* EXERCISE: Beginning with the line containing "Трикотажная рубашка свободного" and going on through the line containing "Page 4 of doujinshi", the lines below are to be returned exactly, pictures excluded and nothing added.

* RECORD EXTRACTS:

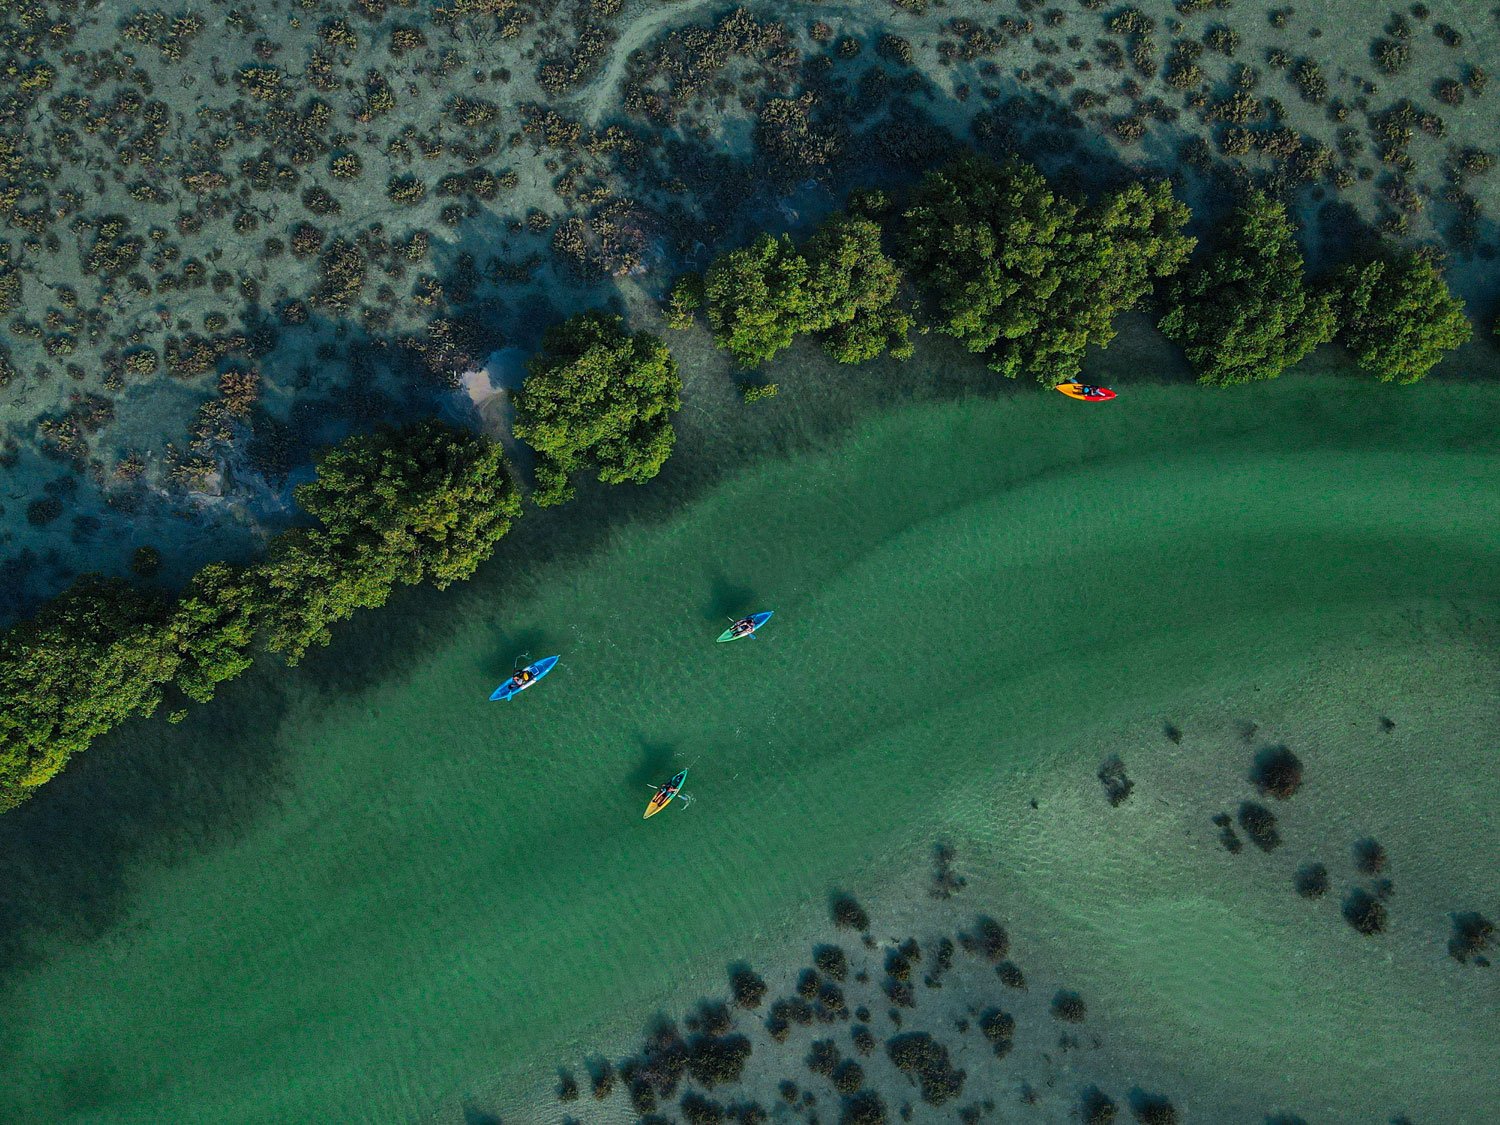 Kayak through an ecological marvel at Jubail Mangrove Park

==

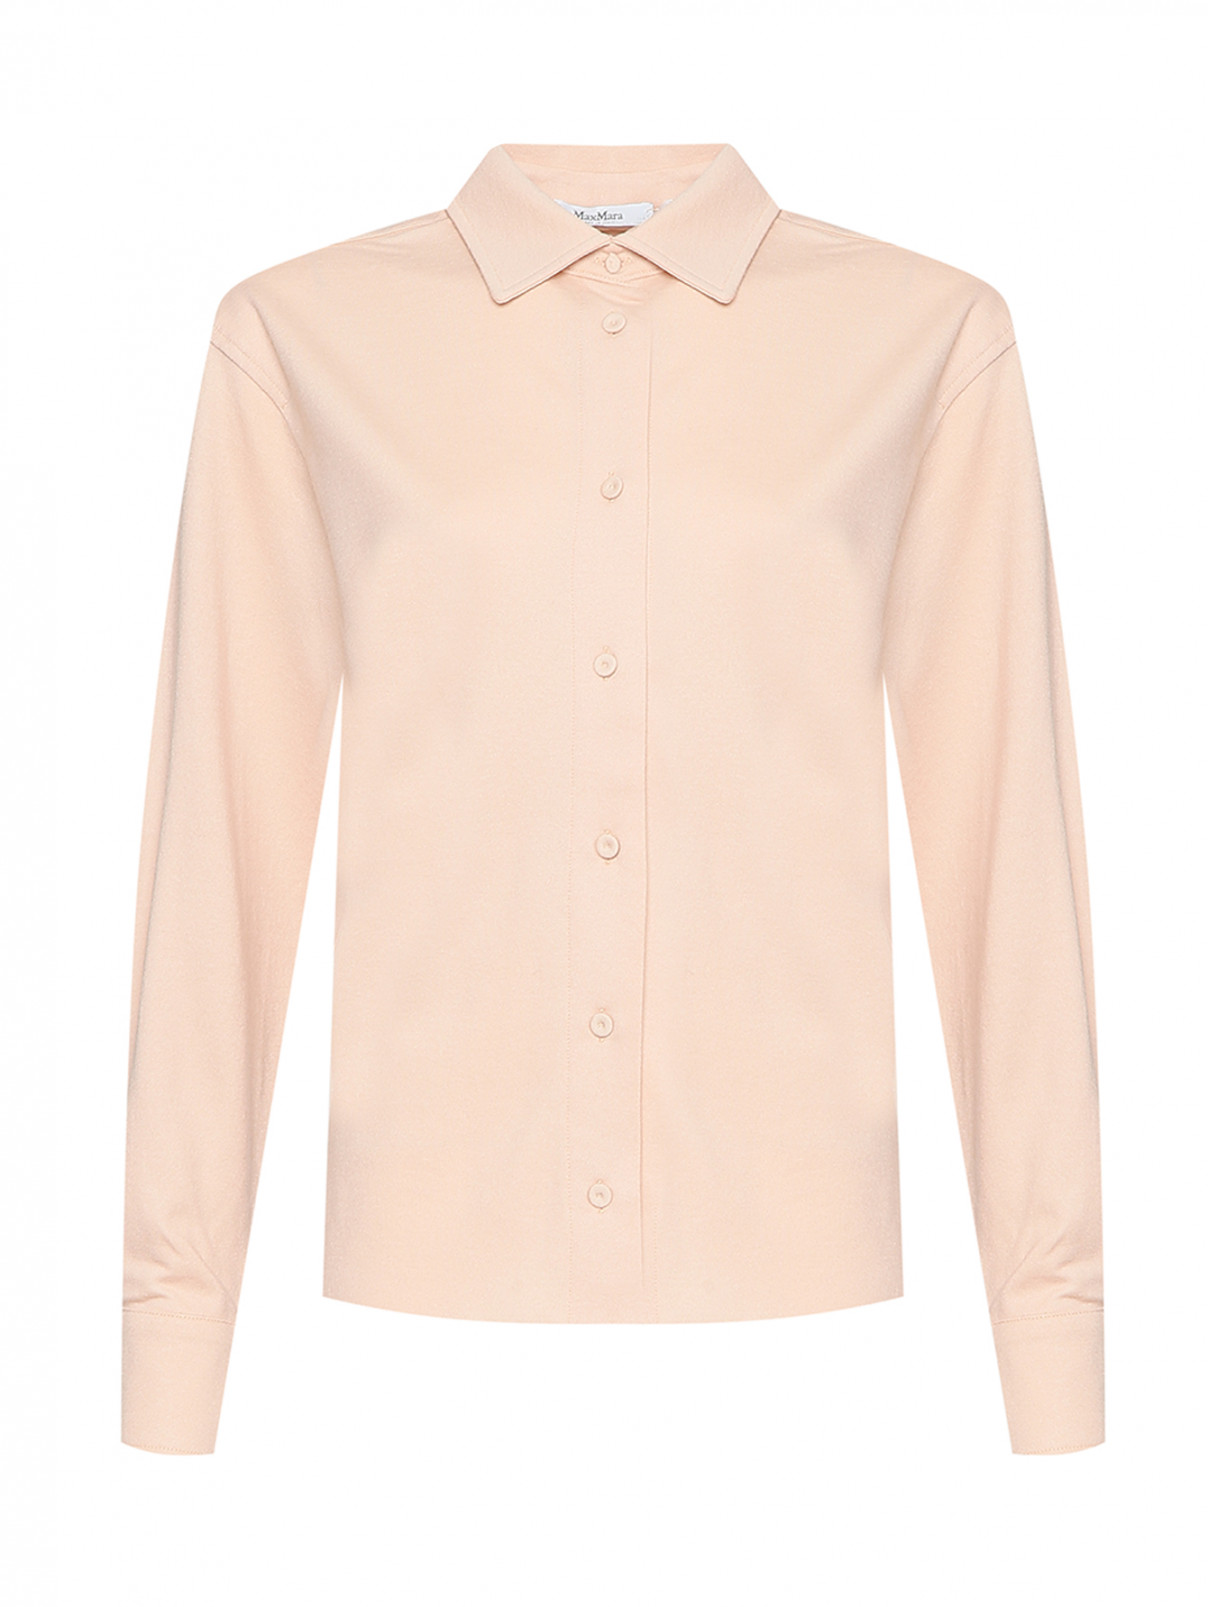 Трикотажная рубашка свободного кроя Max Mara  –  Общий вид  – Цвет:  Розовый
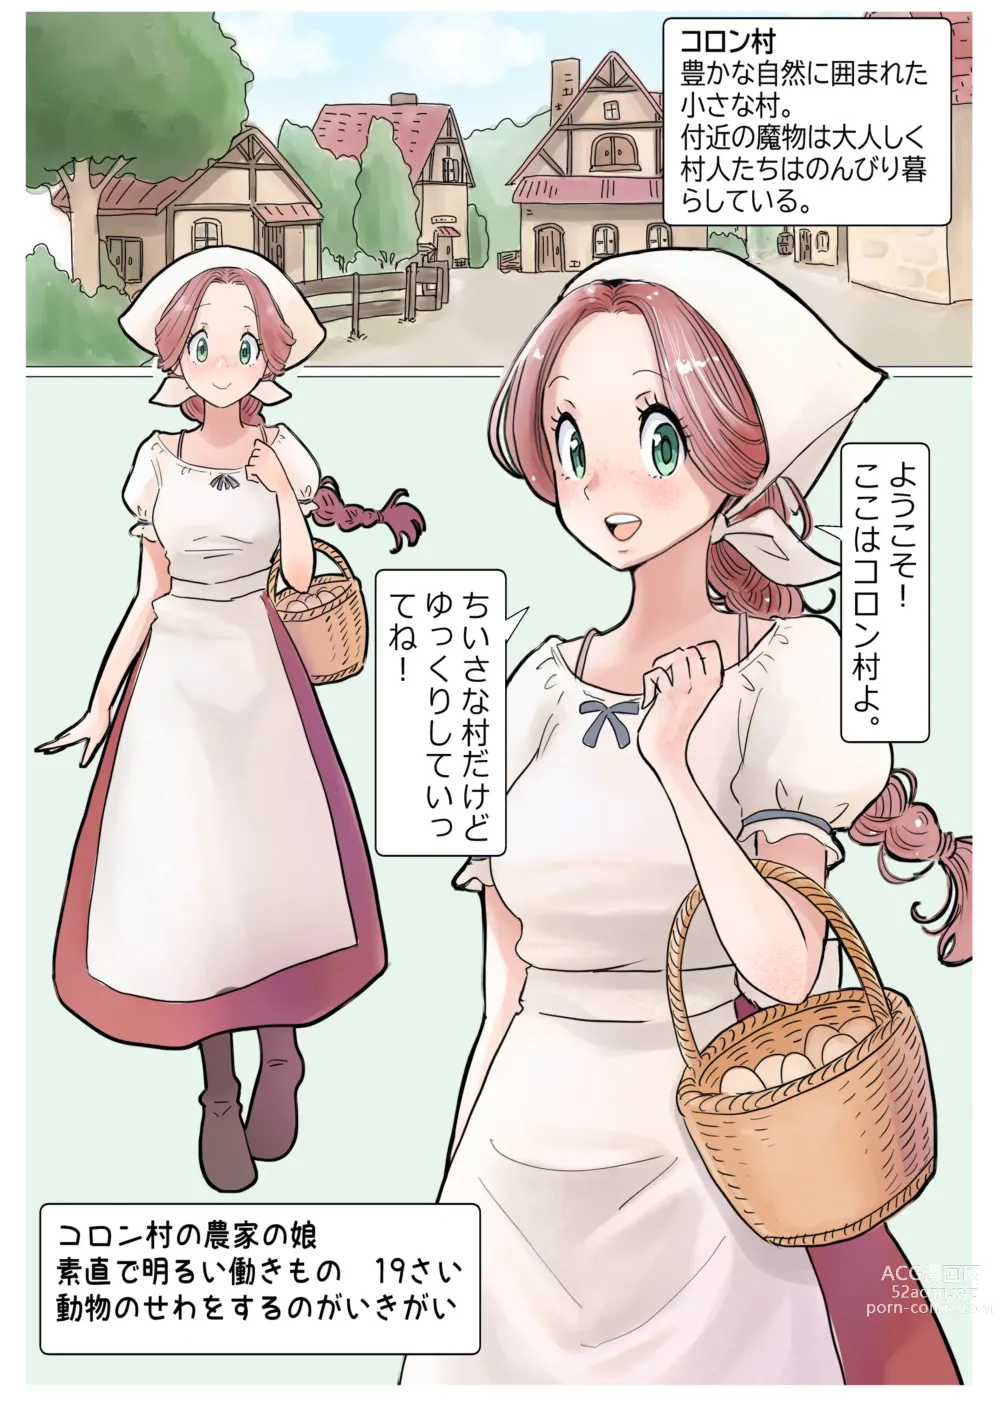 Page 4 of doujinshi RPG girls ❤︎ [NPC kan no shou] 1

* REPLY TO THE EXERCISE:
 Трикотажная рубашка свободного кроя Max Mara  –  Общий вид  – Цвет:  Розовый
 Page 4 of doujinshi RPG girls ❤︎ [NPC kan no shou] 1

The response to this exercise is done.